Meet Kubbra Sait, the game-changing woman who overcame adversity to achieve success.

Updated on Jul 01, 2022 06:23 AM IST  |  41.6K
Kubbra Sait
Colors of Courage: Kubbra Sait on how she overcame the trauma of being sexually abused as a teenager

Kubbra Sait has a ravenous appetite and determination to make a name for herself in the disruptive world of cinema. Born in Bangalore, Kubbra reveals she was raised by a single mother and as a result, she’s always had a strong work ethic and sense of independence. However, Sait’s childhood was not a bed of roses. When she was just a teenager, she reveals she was sexually abused several times by a ‘family friend’ and benefactor in her own home.
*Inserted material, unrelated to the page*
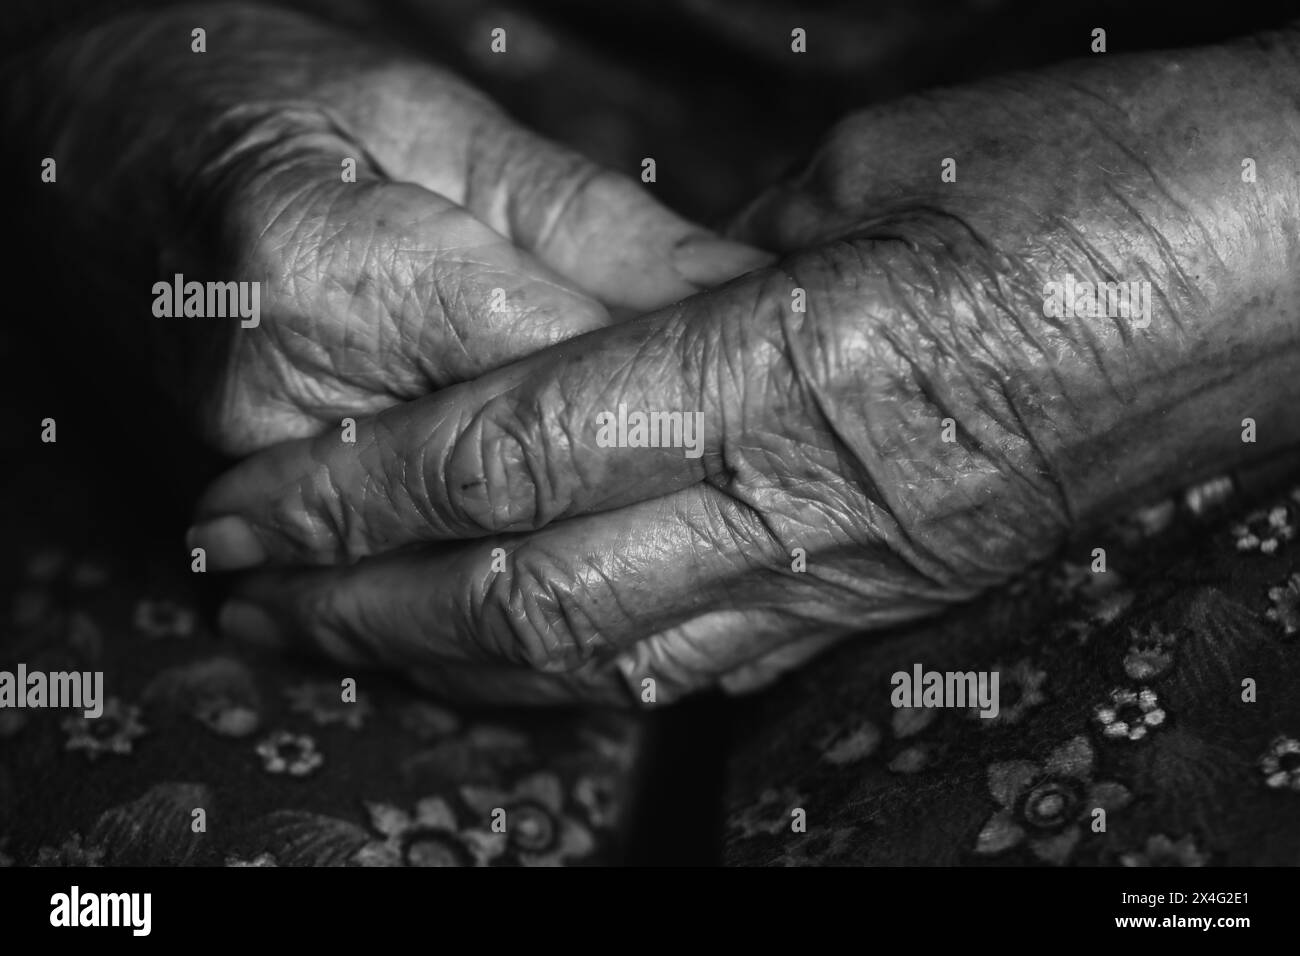 Les mains de la femme âgée. Mains de vieille femme en noir et blanc Banque D'Images

She reveals she was only 17 years old when the incidents occurred, and as a result, she suffered trauma for quite some time. She discloses, “I am an advocate of talking about things that don’t make me happy because life is not perfect and we should acknowledge that life is not perfect. We may all come from various backgrounds, and things may not always go as we'd like.”
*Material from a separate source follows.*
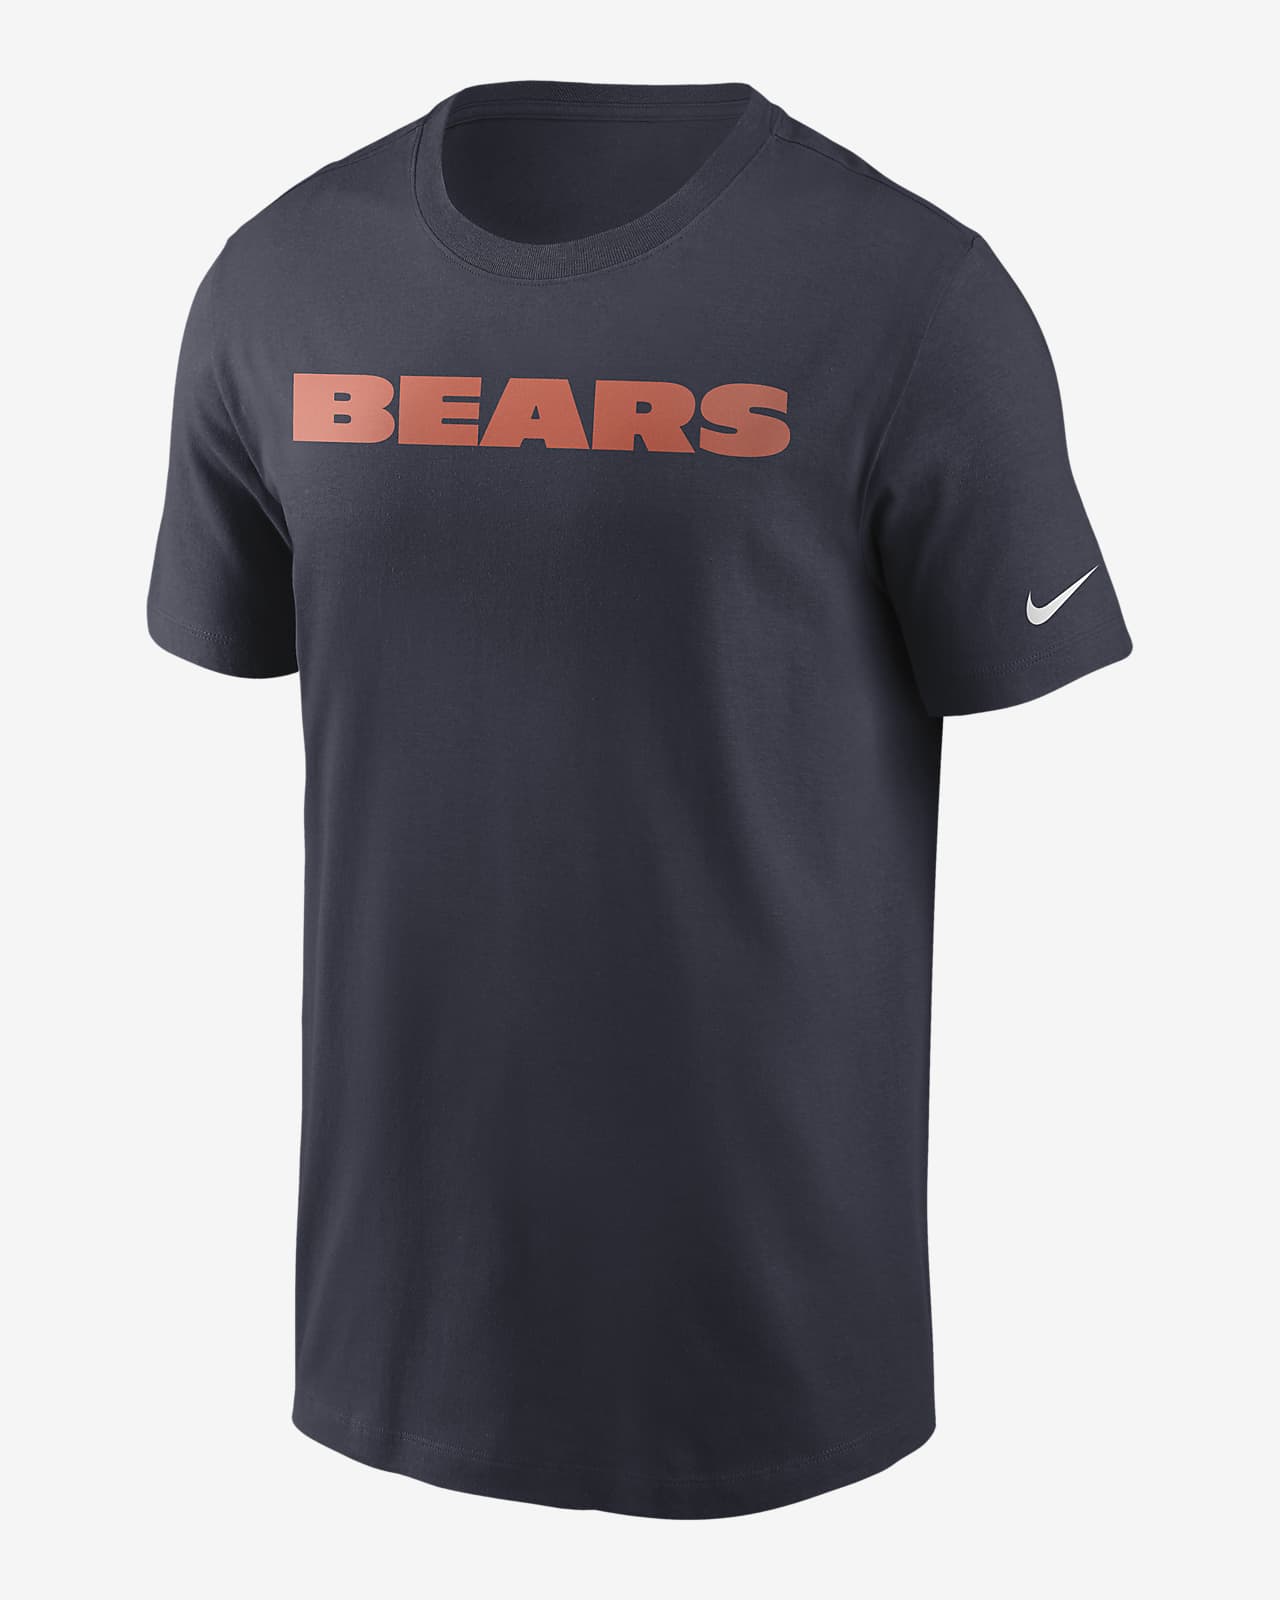 Nike (NFL Bears) Men's T-Shirt. Nike.com

With a degree in finance and experience working in 9–5 jobs in Dubai, Kubbra left her position at Microsoft early on in her career. “Whether it was leaving Bangalore and going to Dubai or leaving the cookie shop that I worked in there and moving and working in an IT company, I never really operated with a plan B, I operated with a plan A. I started with nothing in Dubai, so I know I could start with nothing in Mumbai or anywhere in the world."

Kubbra travelled to Mumbai to pursue her aspirations of being a model and an actor, with the encouragement of her mother and her own ambitious goals. “I remember when I came to Mumbai 12 years ago, I had written in my SWOT analysis that being outspoken is my strength and weakness. At the time, I wasn't sure why I had made that statement. You are advised to act and look a certain way, and if you don't agree with the conversation, you are instructed to simply nod your head. However, I was someone who was always this fiery and powerful. One of my greatest struggles and learning has been that I can't pretend to be someone else for a very long period.” She claims that she is a feminist who is still work in progress.
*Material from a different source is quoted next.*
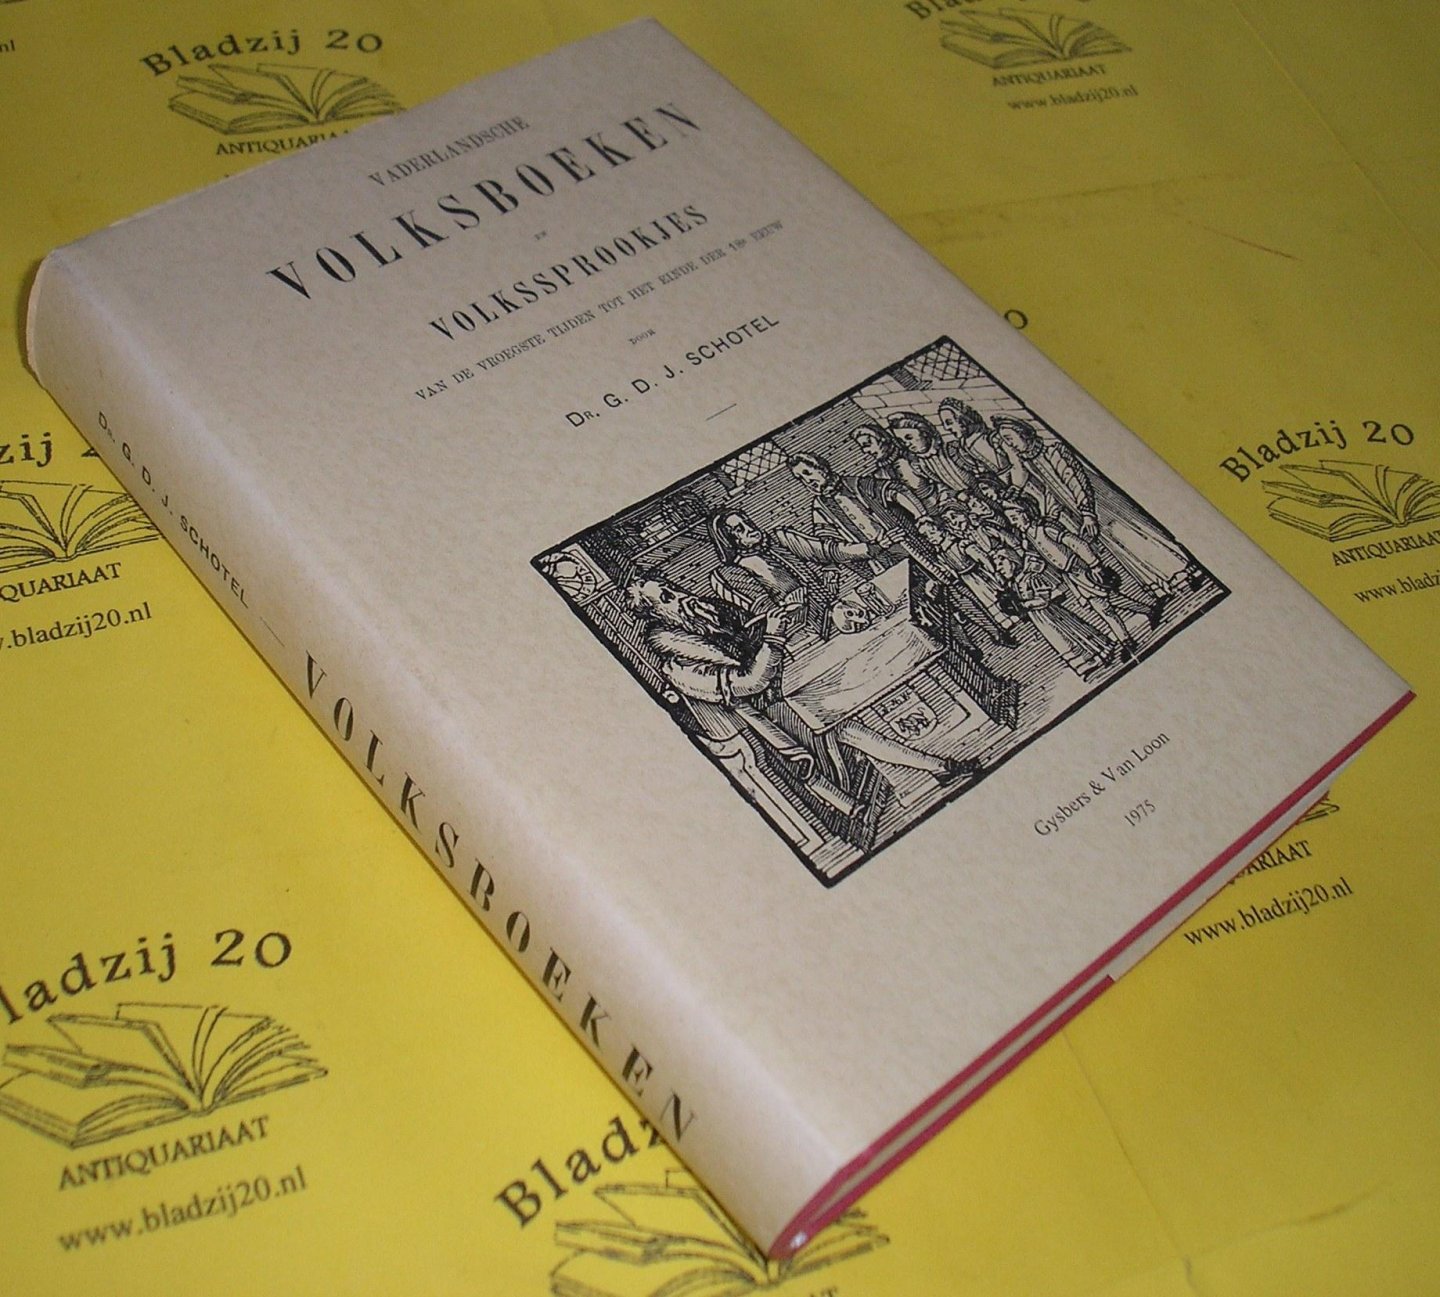 Schotel, G.D.J. - Vaderlandsche volksboeken en volkssprookjes van de vroegste tijden tot het eind der 18e eeuw.

The actor has admits she’s always identified Mumbai as her home base. “I'm still figuring out how I feel about the place where I was born. I don't believe I have any memories of being a Bangalorean. A part of me believes that my heart is a South Indian heart, hence I love to take great pride in being a South Indian. But there was a big part of me that resented the city for what I had to go through there. Home is a place where you feel safe, where you can grow where you have freedom and I found all of that in Mumbai.”

Speaking of the courage you need to chase your goals she says, “I think courage is something that you work towards. It’s like a piggy bank. The currency of courage is like collecting pennies in your piggy bank, which you will eventually fill up. I have come this far because of my courage."

Sait has found the courage to be transparent and reveal her journey to the world in her book "Open Book: Not Enough A Memoir." Voicing how she initially struggled with opening up about her trauma, she sighs, “When you speak your truth it can be liberating, it can be against the traditional approach of looking at certain things. The second time you utter it, though, it will become easier; the first time will be the toughest. And then you’ll start making peace with it,” she signs off.